Step #1 - The ideal gas law
In A
the pressure produced by the air molecules inside a
balloon will first depend on how many air molecules are there,
N. If there weren't any air molecules at all there
wouldn't be any pressure.
Here's an example. You're adding
air to a tire. As you add more and more air to something
like a bicycle tire, the pressure increases. Pressure is
directly proportional to N; an increase in N causes an
increase in P. If N doubles, P also doubles (as long as
the other variables in the equation don't change).
In B
air pressure inside a balloon also
depends on the size of the balloon. If you try
to compress and balloon and reduce its volume the air
pressure increases and "fights back." A decrease
in volume causes an increase in pressure, that's an
inverse proportionality.
Note
it is possible to keep pressure
constant by changing N and V together in just the
right kind of way. This is what happens in
Experiment #1 that some students are working on.
Here's a little more detailed look at that experiment.
|
|
An
air sample is trapped together with some steel wool
inside a graduated cylinder.
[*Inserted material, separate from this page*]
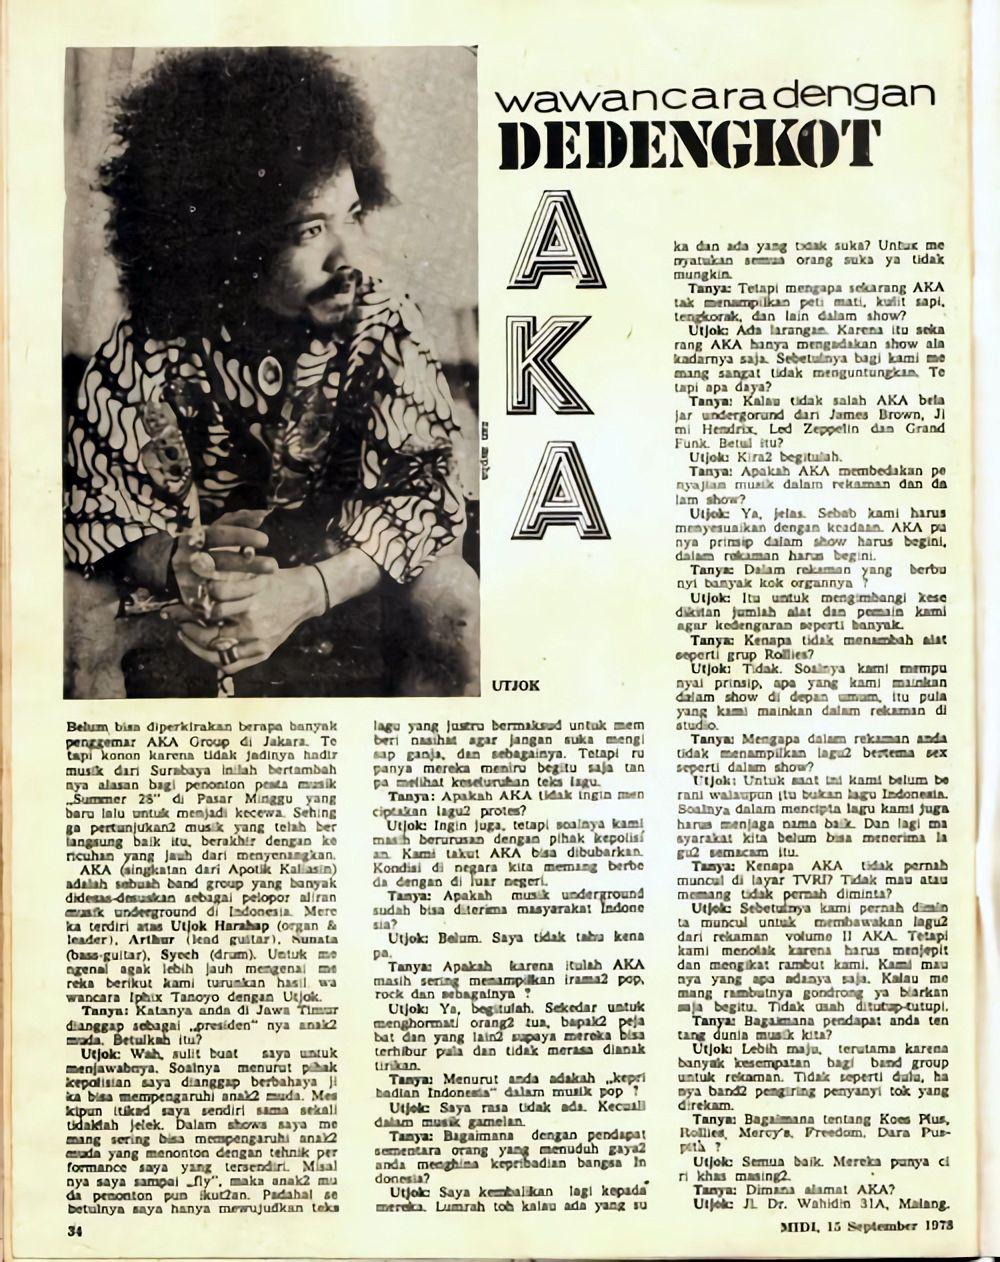 Majalah MIDI edisi 1973 Wawancara, Majalah, Berita

The cylinder is
turned upside down and the open end is stuck into a
glass of water sealing off the air sample from the
rest of the atmosphere. This is shown at left
above. The pressure of air outside the cylinder
tries to push water into the cylinder, the pressure of
the air inside keeps the water out.
Oxygen in the cylinder reacts with
steel wool to form rust. Oxygen is removed from
the air sample which causes N (the total number of air
molecules) to decrease. Removal of oxygen would
ordinarily cause a drop in Pin
and
upsets the balance between Pin
and Pout
. But, as
oxygen is removed, water rises up into the cylinder
decreasing the air sample volume. The decrease
in V causes Pin
to increase. What actually happens is that N and
V both decrease together in the same relative amounts
and the air sample pressure remains constant.
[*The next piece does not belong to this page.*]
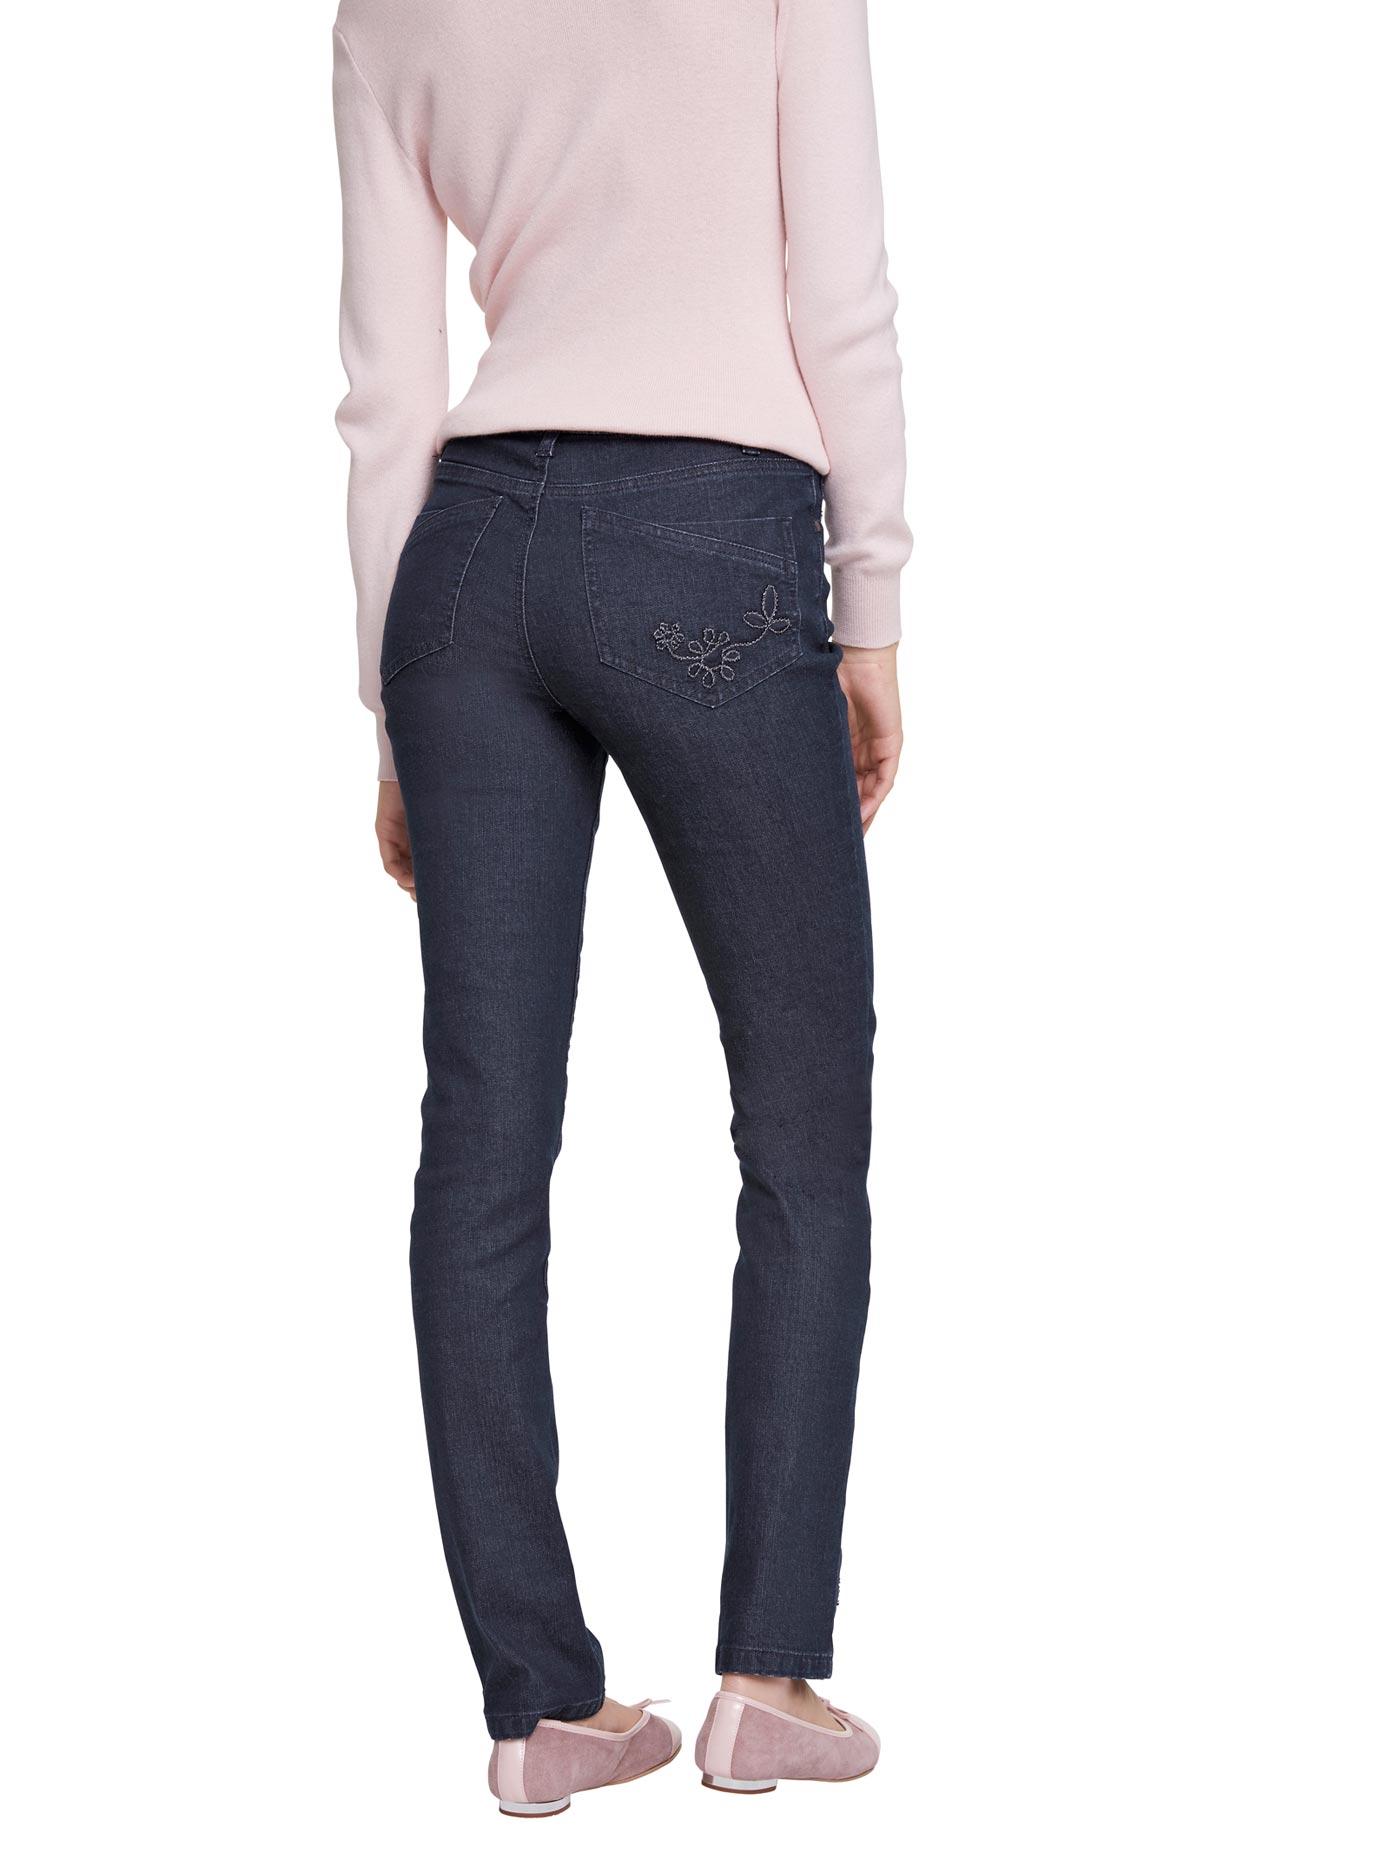 Image of ASHLEY BROOKE by Heine 5-Pocket-Jeans

If you were to remove 20% of the air molecules, V would
decrease to 20% of its original value and pressure would stay
constant. It is the change in V that you can measure and
use to determine the oxygen percentage concentration in air.
Part
C: Increasing the temperature of the gas in a
balloon will cause the gas molecules to move more
quickly (kind of like "Mexican
jumping beans"). They'll collide with the
walls of the balloon more frequently and rebound with
greater force. Both will increase the pressure.
You shouldn't
throw a can of spray paint into a fire because the
temperature will cause the pressure inside the can
to increase and the can could explode.
Surprisingly, as explained in Part D, the pressure
does not depend on the mass of the molecules. Pressure
doesn't depend on the composition of the gas. Gas
molecules with a lot of mass will move slowly, the less
massive molecules will move more quickly. The massive
slow moving molecules collide with the walls of the
container with the same force as the smaller ones.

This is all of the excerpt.